The response has to reproduce all entries exactly while excluding their pictures.
● ● ● ●
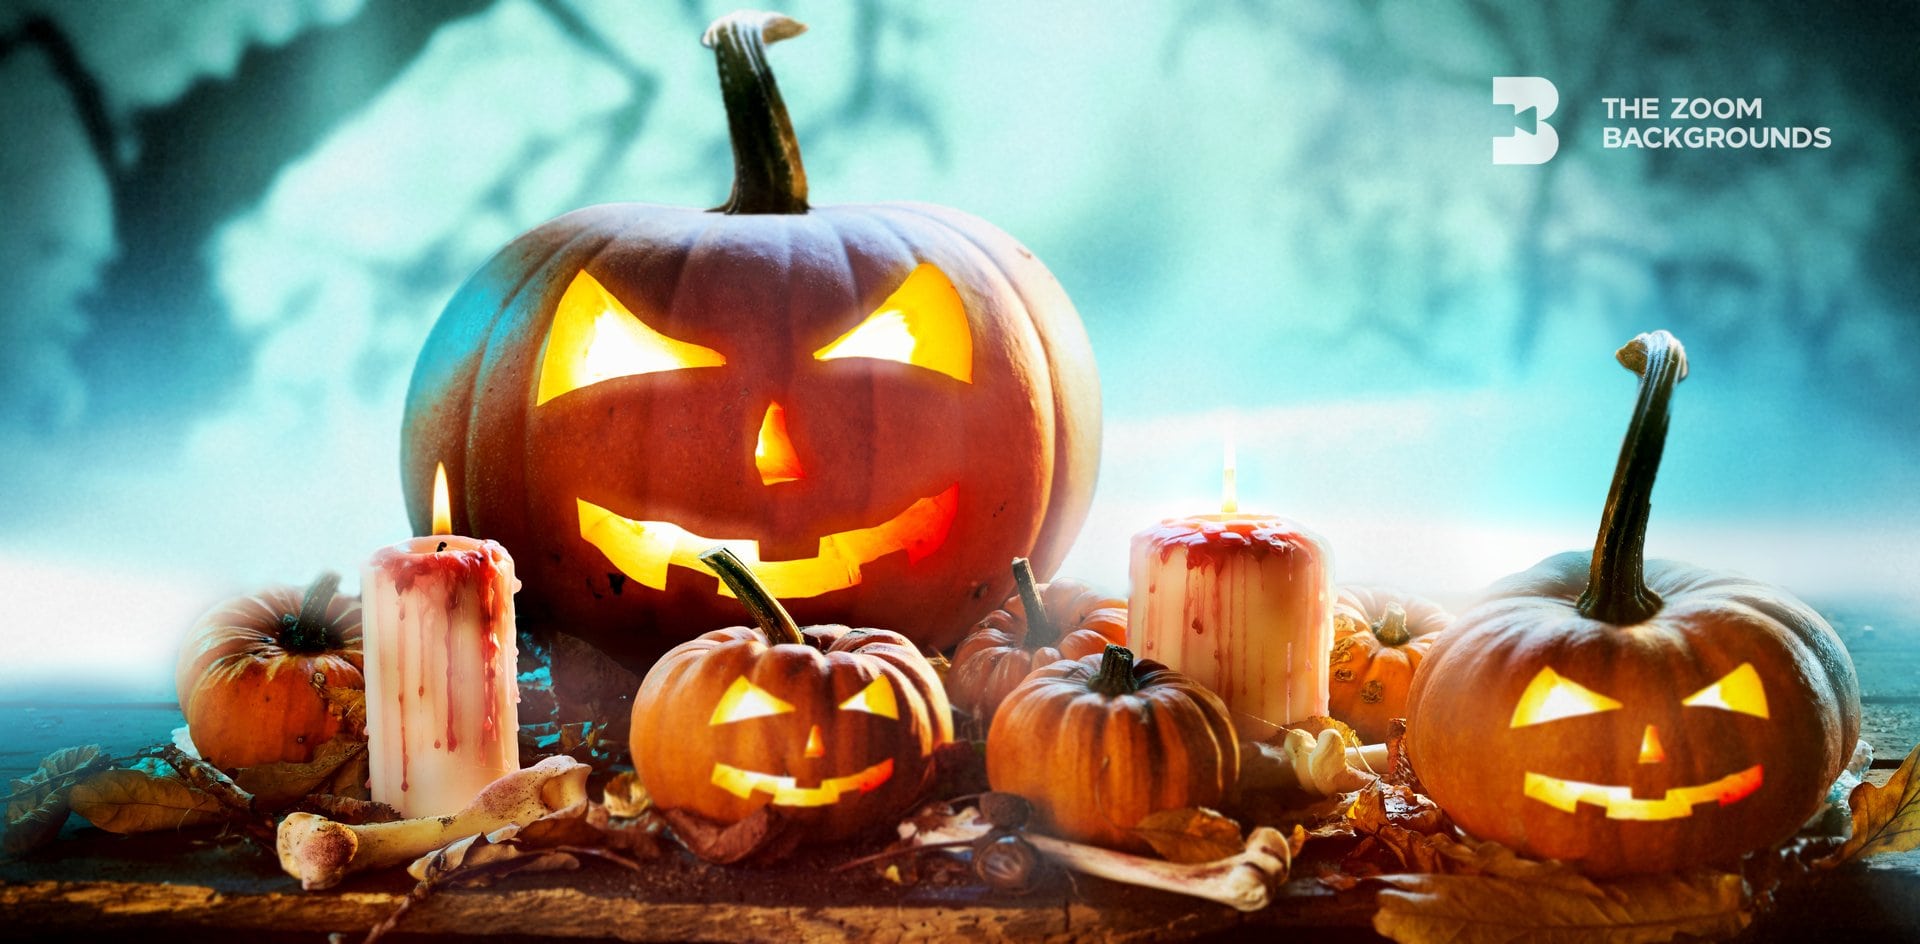 Scary halloween pumpkins – thezoombackgrounds.com
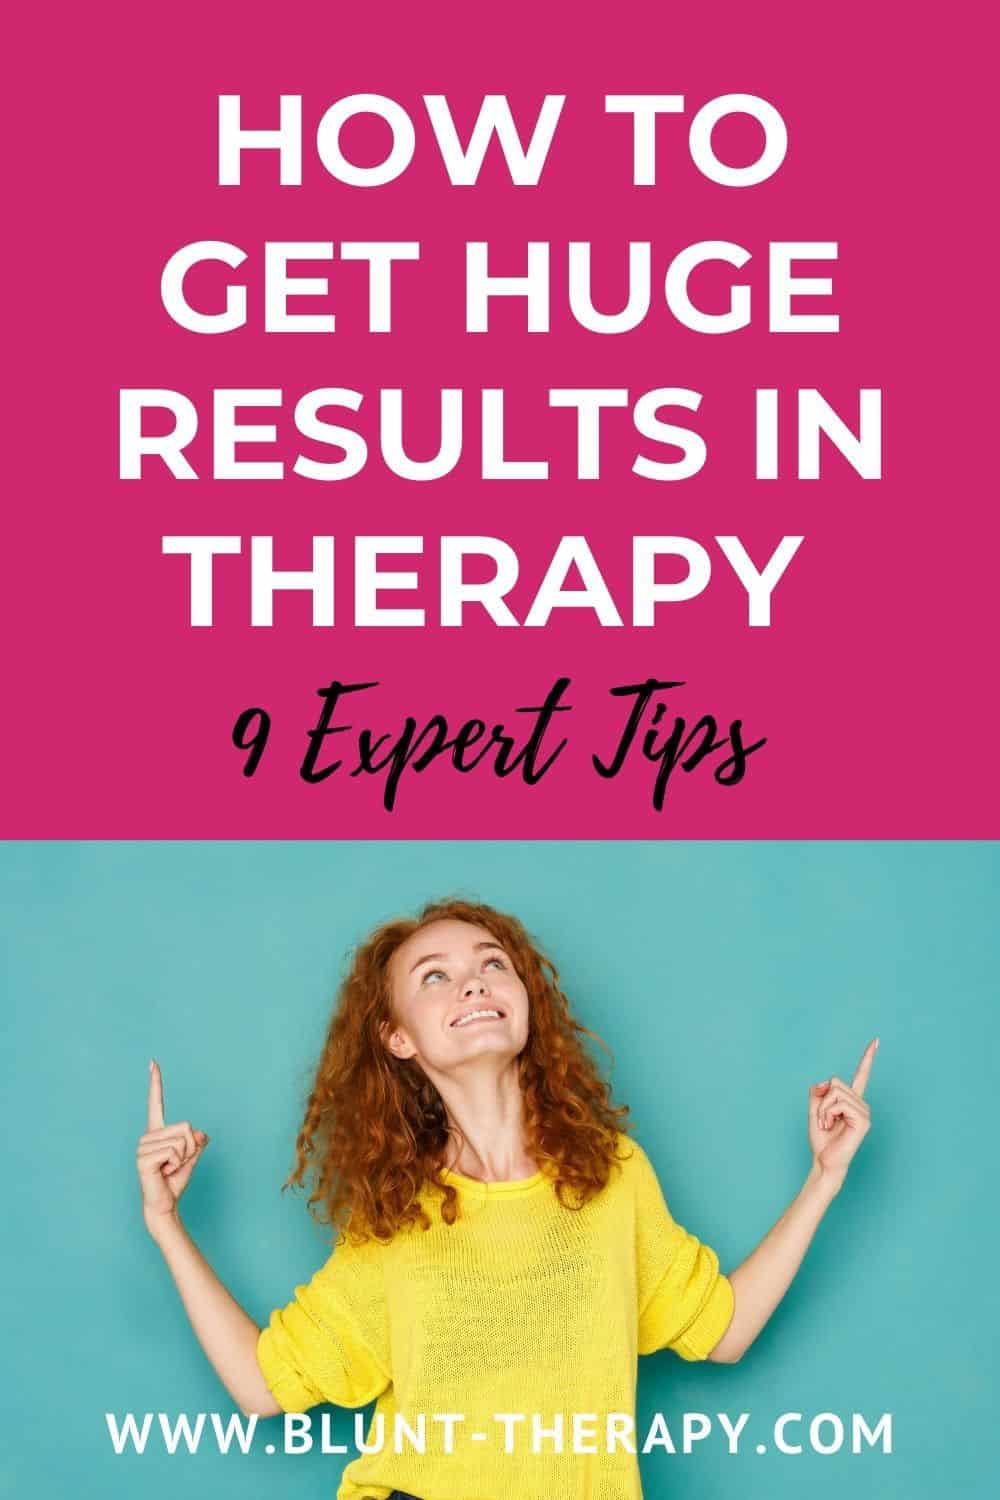 How To Get Huge Results In Therapy
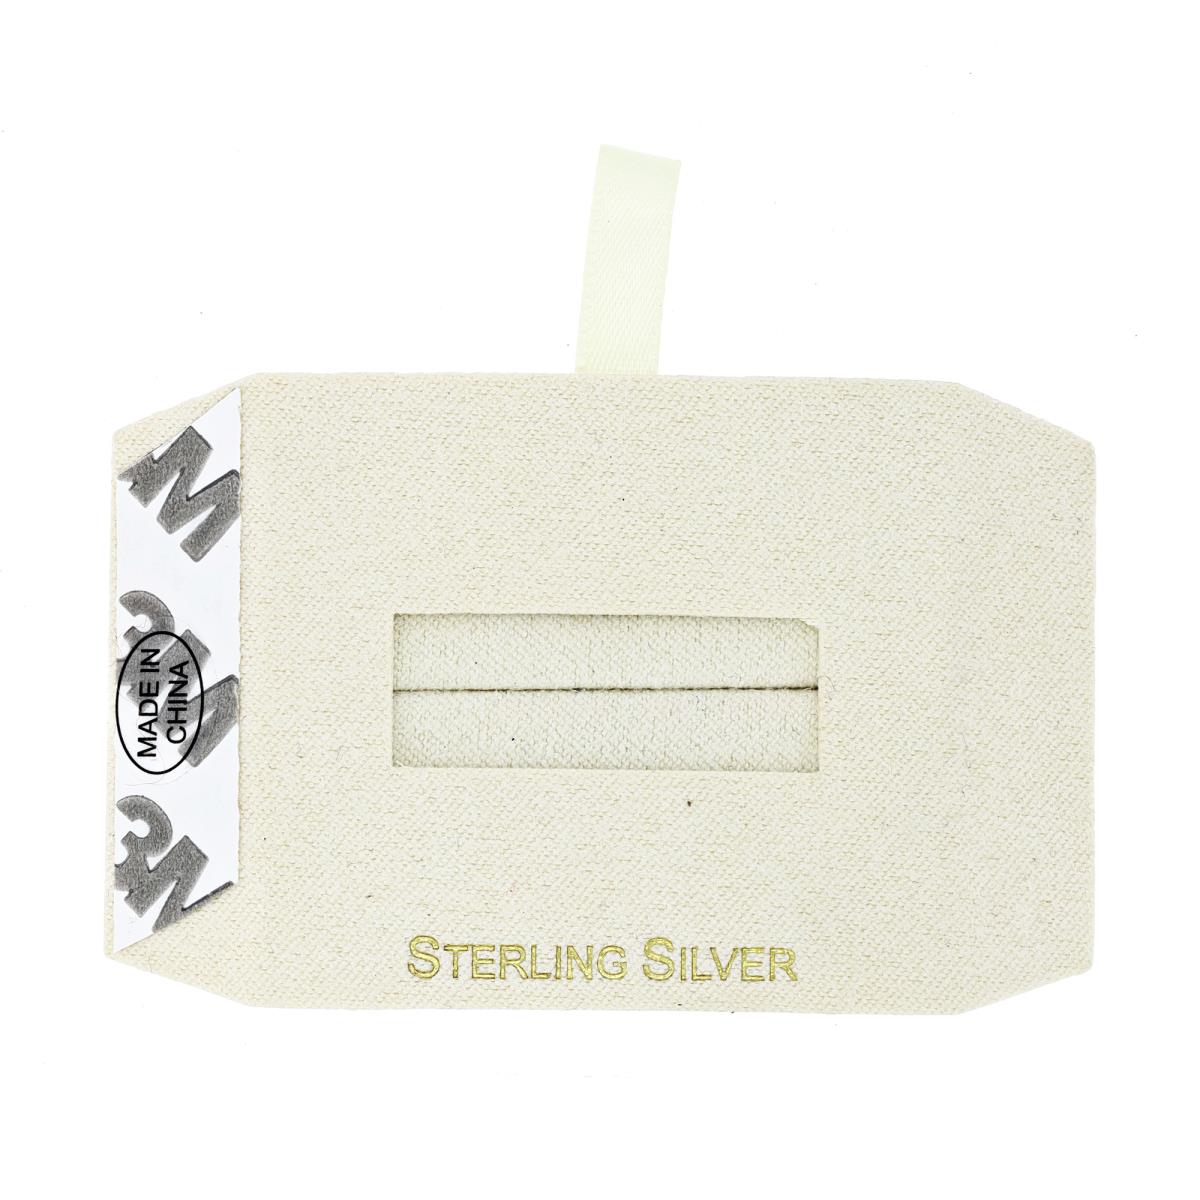 Ivory Sterling Silver, Gold Foil Ring Insert (Box B06-159/Ivory/M)
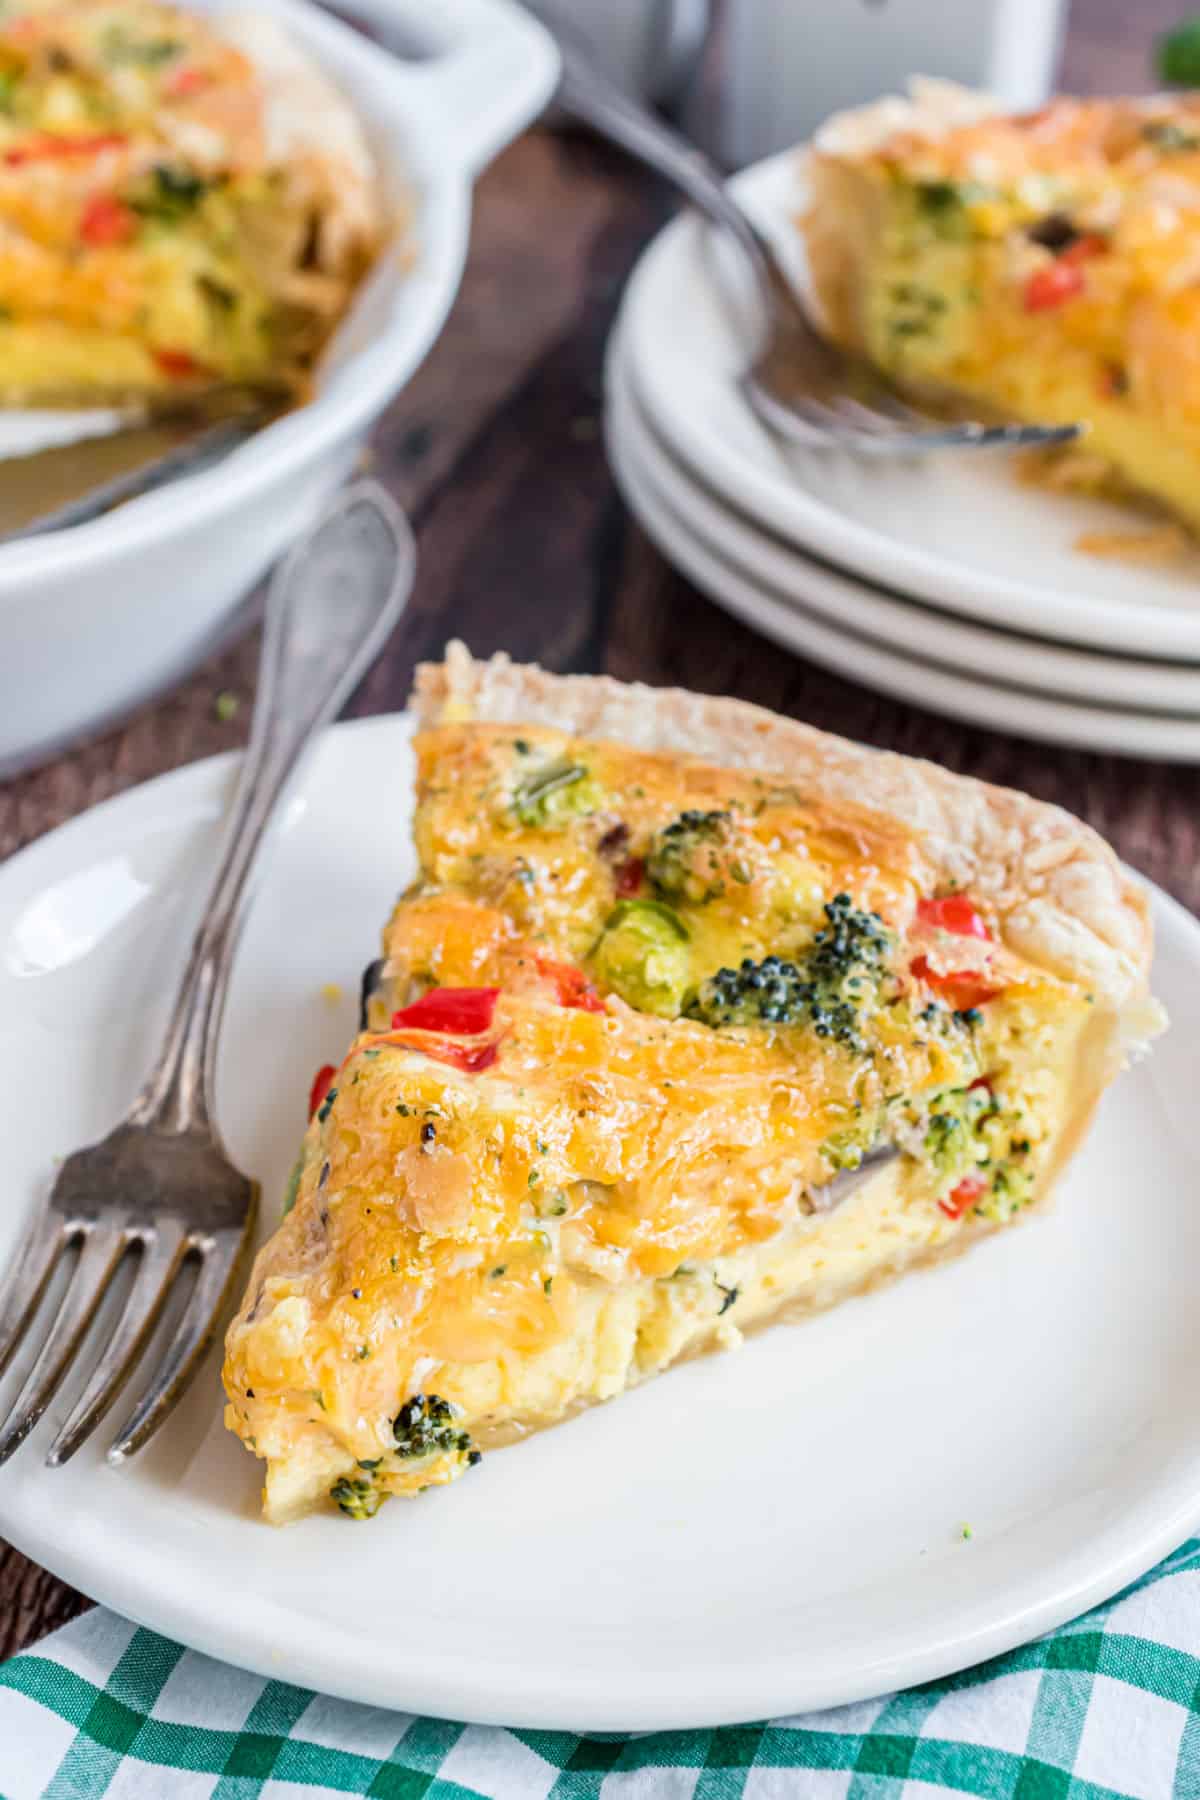 Easy Vegetable Quiche Recipe - Shugary Sweets
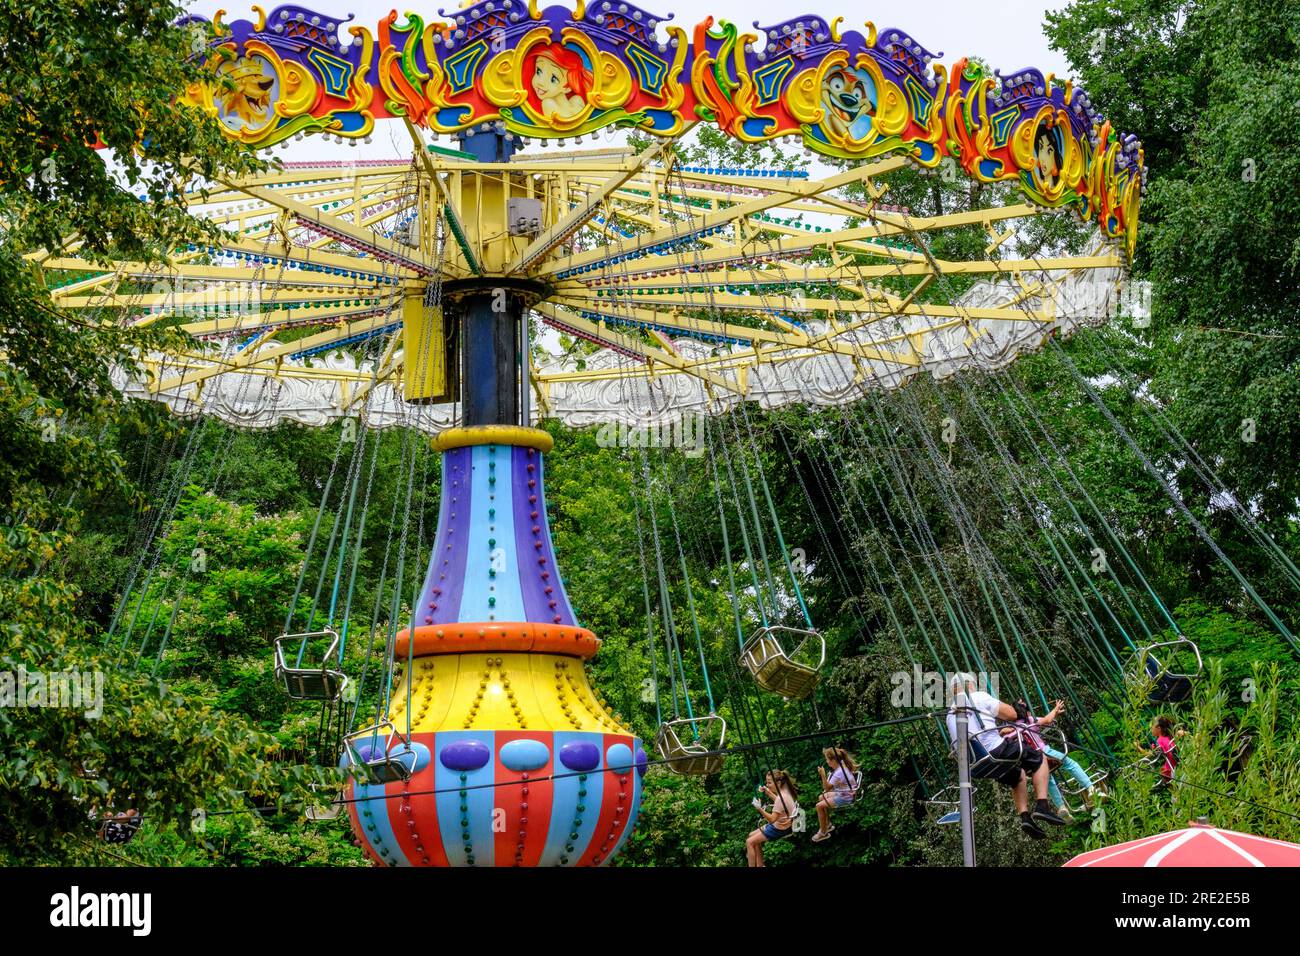 Kazakhstan, Almaty. People on Amusement Park Ride, Central Park for Culture and Recreation. Stock Photo
● ● ● ●
● RESULT BELOW:
 Scary halloween pumpkins – thezoombackgrounds.com
 How To Get Huge Results In Therapy
 Ivory Sterling Silver, Gold Foil Ring Insert (Box B06-159/Ivory/M)
 Easy Vegetable Quiche Recipe - Shugary Sweets
 Kazakhstan, Almaty. People on Amusement Park Ride, Central Park for Culture and Recreation. Stock Photo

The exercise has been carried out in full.